Егор плавно ведет руками по плечам, спсукается на талию, а затем его пальцы упираются в тонкие кружевные трусики. Единственную вещь, которую я оставила на себе забираясь под бок к спящему тигру. Но кружевная преграда быстро разрывается по швам. И я оказываюсь совершенно беспомощной.
— Прошу не надо. Егор отпусти, — наигранно скулю я. А вот он совершенно спокойно и, как мне кажется, на полном серьезе продолжает.
— Нет Юленька. Ты же сама сказала, что я садист и насильник, — шлепок по пятой точке, — что же нужно соответствовать твоим словам, — новый шлепок, более увесистый, от которого я тихо вскрикиваю.
Рука Егора проходится по спине, по моим ягодицам вниз и нагло шарит между ног. Как же все это пошло, низко и… Так заводит. Я знаю, что он не причинит мне зла, я доверяю ему, но беспомощность, его слегка грубые действия и суровый голос заставляют меня трепетать в легком напряжении. Я поскуливаю и тихо умоляю его остановиться.
— Нет милая, ты сама этого хочешь, — два пальца резко врываются в мою киску. Грубое движение выбивает из моей груди тихий стон. — Юля, запомни, при изнасиловании не кончают, не просят не останавливаться, и уж тем более не скачут на своем насильнике верхом, закатывая глаза от удовольствия, — он продолжает быстро двигать пальцами внутри меня. Он достает их и снова резко проникает внутрь, продолжая вычитывать меня. — И если ты еще раз пошутишь, что я тебя совратил, изнасиловал, или как-то еще причинил тебе вред, я это сделаю в действительности Юля.

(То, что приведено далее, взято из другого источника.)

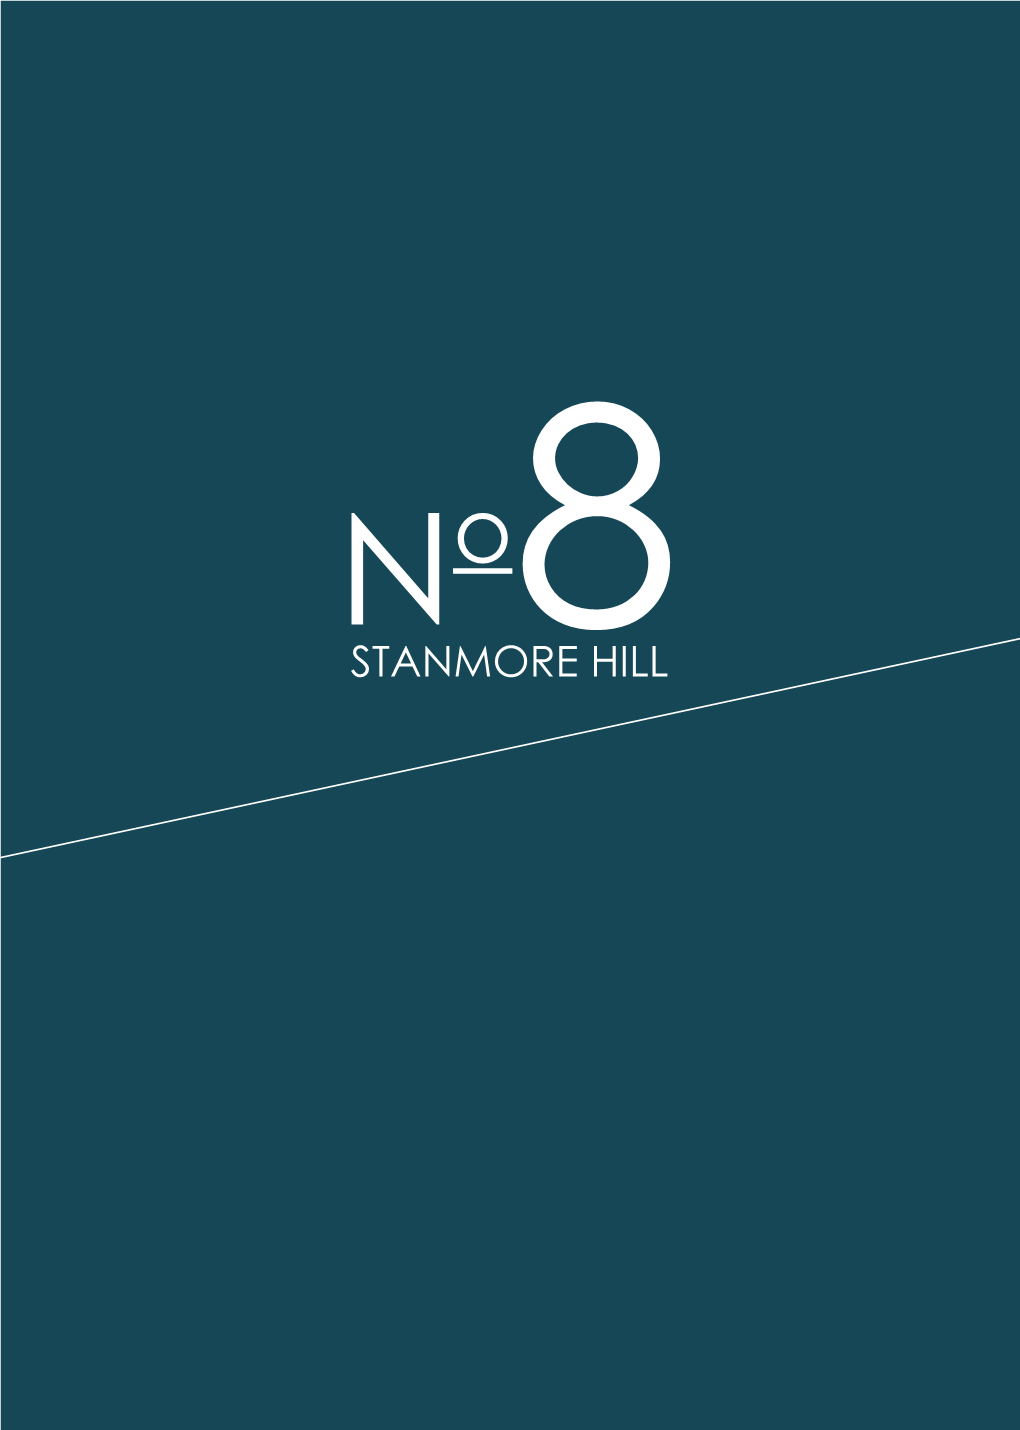 No8stanmore HILL

Его пальцы выскальзывают из меня, и я снова получаю увесистый шлепок за шлепком. Попа начинает гореть. Возбуждение смешивается с болью. Егор снова наклоняется надо мной. Я чувствую, как уже далеко не пальцы упираются в меня. Непроизвольно двигаюсь ему на встречу, но получаю еще один шлепок.
— Вот об этом я и говорю. Жертва не виляет своей аппетитной задницей с целью насадится на хуй.
Грубое название его детородного органа слегка режет слух и заставляет меня еще больше покраснеть. Чувствую давление, и вот наконец его горячий член оказывается внутри. Ощущаю Егора всем телом. Каждой клеточкой. Каждое его движение вызывает стон и еще сильнее закручивает пружину внутри меня. Как же хорошо, как непривычно и приятно, чувствовать себя маленькой и беспомощной в его сильных руках. Егор прижимает меня всем телом к кровати и слегка сжимает горло. Его горячее дыхание обжигает мою шею.
— Ты меня поняла Юля? Еще одна такая шутка и больше никаких нежностей с моей стороны.
Он делает резкий толчок, и я вскрикиваю вместо ответа. Я зажата между кроватью и его горячим телом. Сердце бешено колотится, а тело сходит с ума от новых ощущений. Я не могу сосредоточится на его хриплом голосе, на его вопросе.
— Я не услышал ответ, — а я ничего не могу ответить. Просто наслаждаюсь
Видимо Егор понимает, что наказание слишком приятное и останавливается, отстраняясь от меня. Я поскуливаю, и сама пытаюсь двигаться на нем, чем вызываю ехидный смешок. Ему забавно смотреть на то, как я схожу с ума от возбуждения? Видимо да, раз вместо, так желаемого мною, продолжения я получаю очередной шлепок. Он наматывает мои волосы на кулак и дергает на себя, заставляя прогнуться в пояснице. Давление на стенки влагалища увеличивается, и я лишь шепчу:
— Прошу, Егор… Я хочу… Умоляю… — в ответ мне прилетает очередная усмешка.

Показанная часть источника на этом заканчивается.